Кончилось тем, что эсэсовец разогнал их пинками, и они вернулись к нам в барак. Но из-за этой нервотрепки они еще больше ослабели, и их взгляды перебегали от лица к лицу, как будто искали у нас объяснения тому, что пронеслось над их головами как холодная волна из-под крыльев ночной птицы. И только когда я увидел цыгана на цементном полу вашраума пятого барака и удивился голубоватой пене, вытекавшей у него изо рта, я понял, какой участи избежали истрийские старики.
Где находится камера, я никогда не спрашивал, меня больше беспокоили молодые цыгане, которым профессор дал меньшую дозу, чтобы составить суждение об эффективности нового газа. Еще и теперь я вижу того цыгана, судорожно глотавшего воздух как старый астматик. Когда я проходил мимо его нар, его глаза на красивом тонком смуглом лице всегда смотрели мне вслед. И казалось, будто он знает, что я не могу ему помочь, но, может быть, хочет, чтобы его судьба запечатлелась во мне, чтобы я ее пережил во всей ее безысходности и сопроводил его в последний путь. Кто знает, было ли в моих глазах молчаливое понимание его страшной тайны, или же в моих движениях отражались не только спешка и озабоченность, порожденные настоящей занятостью, но в какой-то степени это была и та деловитость, с помощью которой мы избавляемся от мучительного и беспомощного замешательства.
И вот кемпинг. Я снова преодолел искушение переночевать в каменном доме и поспать на настоящей кровати в этом маленьком Ширмеке, удобно устроившемся у подножия нашей горы. Не знаю, откуда у меня уже при первом приезде возникло это странное стремление к противопоставлению, к контрапункту провести этот вечер в обстановке чистоты и домашнего уюта. Я даже воображал, как бы это было, если бы я провел ночь в хорошей гостинице, рядом с газовой камерой. Я представлял себе, что перед тем как заснуть я бы связался с тенями умерших, которые шли бы ко мне по крутому склону. Но уже в следующий момент я осознал чудовищность подобного эксперимента; никакого смысла не было бы в том, чтобы на одну ночь мне стать просто обычным туристом и сравнить эти ощущения с ощущениями лагерника. Я избежал сентиментальной засады.
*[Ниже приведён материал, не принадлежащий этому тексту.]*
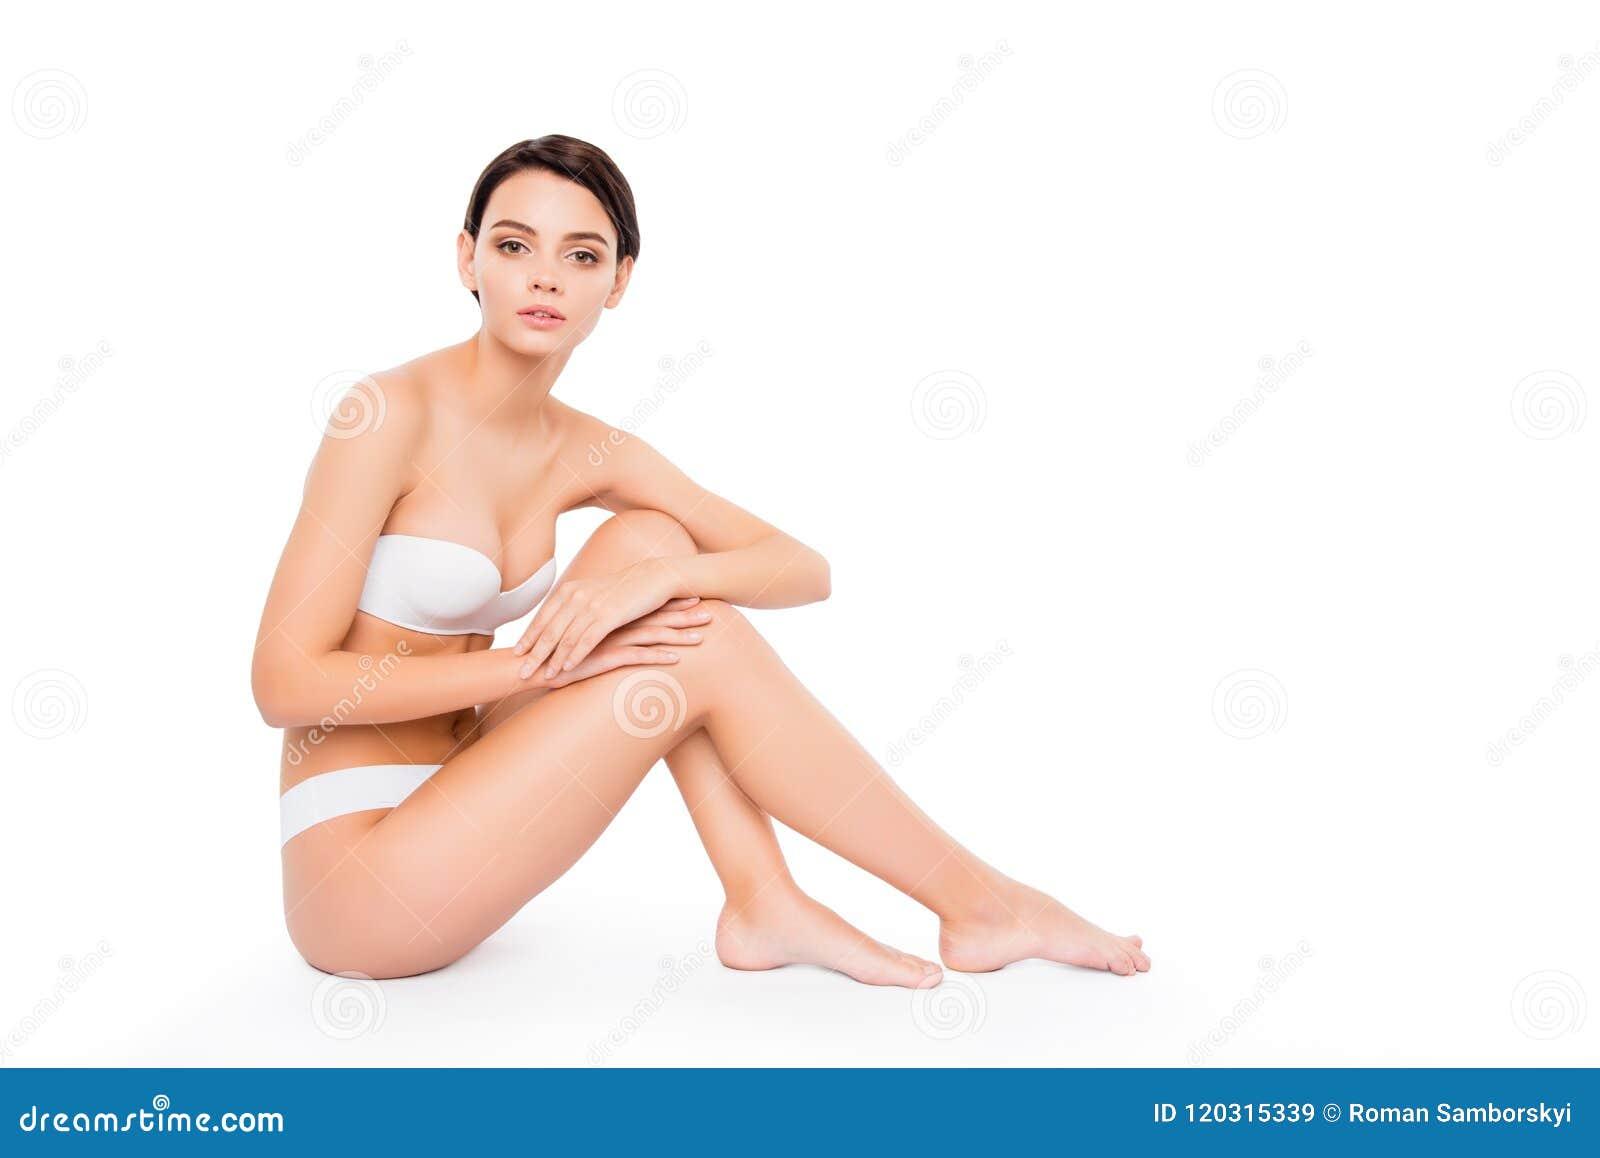 Junges nettes Mädchen, das auf den rührenden glatten Beinen des Bodens sitzt Lokalisiert auf rührender idealer perfekter Haut des

Здесь, в Ширмеке, в позапрошлом году мне помогла в этом также сценка с велосипедистами, мчавшимися через городок. Tour de France, или это была провинциальная велосипедная гонка; люди плотно сбились вдоль тротуаров и ждали велосипедистов, как Второго пришествия, но мимо проехал лишь маленький и запыленный автомобиль, и человек в нем озабоченно высматривал, когда от главной транспортной артерии отделится судьбоносная горная дорога. Конечно, я не ставил людям в вину то, что они предавались таким поверхностным занятиям у ног одной из кальварий[58] двадцатого столетия, совсем напротив, ведь я сторонник счастливой и безоблачной жизни, но то воспоминание сегодня оказалось решающим для того, чтобы я, как в позапрошлом году, повернул к палаткам.